New Year’s Day is a low-key lunch with parents, kids and spouses – a time to reflect on wishes larger than getting in shape or landing a promotion.
“We put forth our intentions and our hopes for ourselves and the world and have some sausage and cheese and beans and maybe watch a movie. It’s a time for introspection,” she said.
Interestingly, some food traditions travel. Josh Klarer, a butcher and the owner of Missing Link Durango, lists his heritage as German and Cherokee. Yet his strongest association of food with New Year’s is the Southern dish of black-eyed peas with greens and, of course, ham hocks. His great-grandmother would cook the beans with a silver dollar on top to bring good luck. Turns out his forbearers traveled to Colorado from the mid-South.
Italians, too, know how to throw a New Year’s party. Of their many traditions, they eat lentils (because they look like miniature coins) and pork (a symbol of the richness of life). They drink prosecco (Italian sparkling wine), wear red underwear, watch midnight fireworks, throw old possessions out the window and stay up all night to catch the first sunrise of the new year. Naples is known for its rowdy New Year’s celebration and online travel guides warn to watch out for flying objects emitted from the upper floors.
But no such partying hearty for Jennifer Berridge, a Durango massage therapist with strong Sicilian ancestry.

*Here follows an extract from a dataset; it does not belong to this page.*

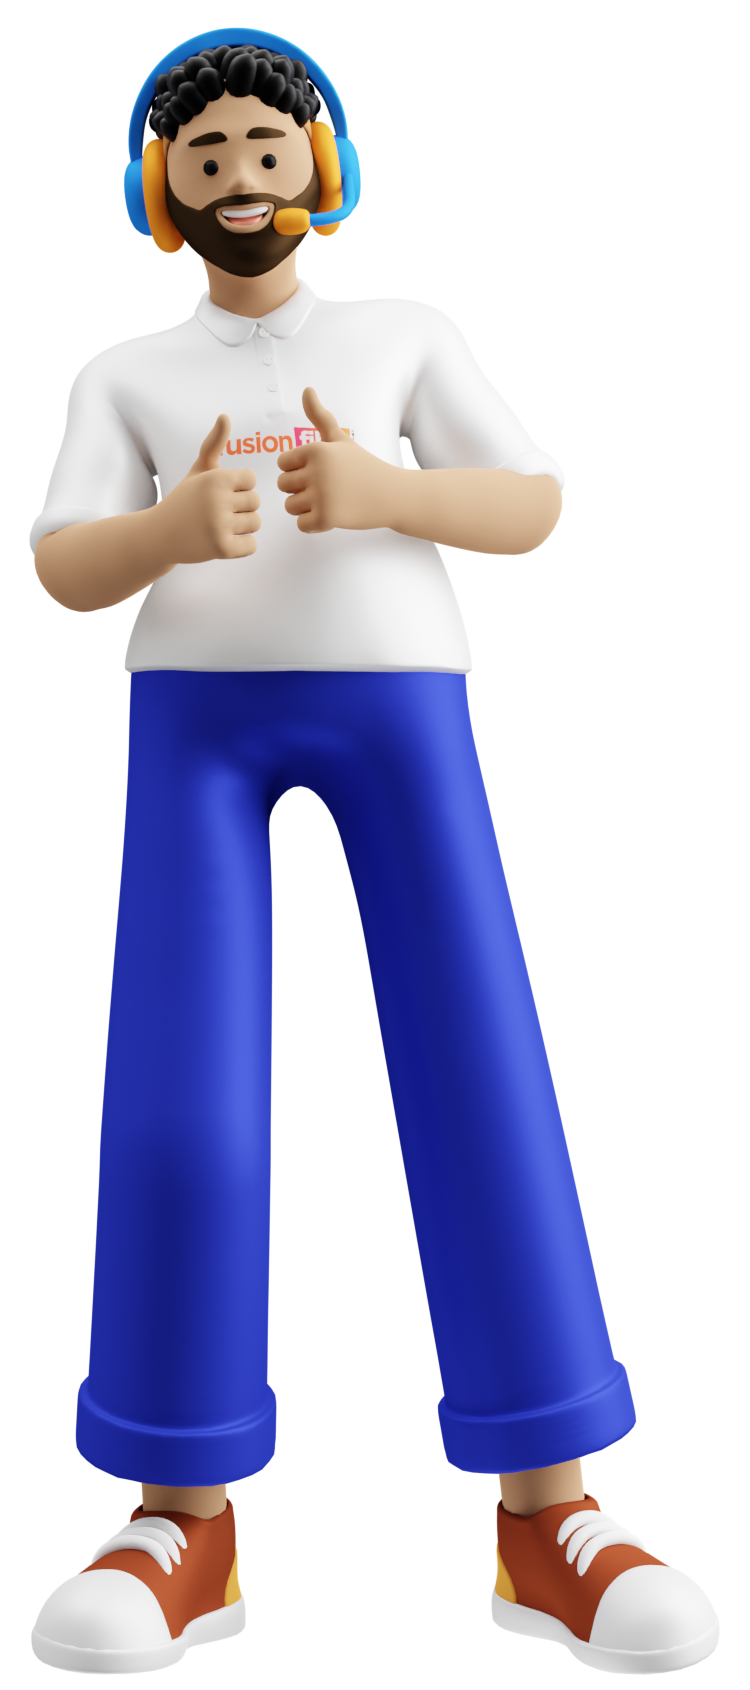 animated fusion fibre business employee with both thumbs up

“We watch the ball drop back East because it’s two hours different and we can be in bed by 10:15,” she said of herself and her husband. “We’re not the traditional whoop-it-up crowd.”
But one local lady can always be counted on for a good party, whether she’s throwing it or merely making an appearance. Diane Wildfang, owner of the Rochester Hotel, waxes nostalgic about New Year’s Eves past spent in New York City living the good life.
Nowadays, it’s quieter – she’s going to Southern California this year – but the most traditional of New Year’s accoutrements will still be in order. Champagne, caviar and chocolate are not to be foregone.
“Chocolate is always on my mind,” she said.
Whether you celebrate with succulent pork and black-eyed peas, sweet pineapple tamales, savory homemade pasta or plain old bubbly, may it be a happy, healthy and sweet New Year for you and yours.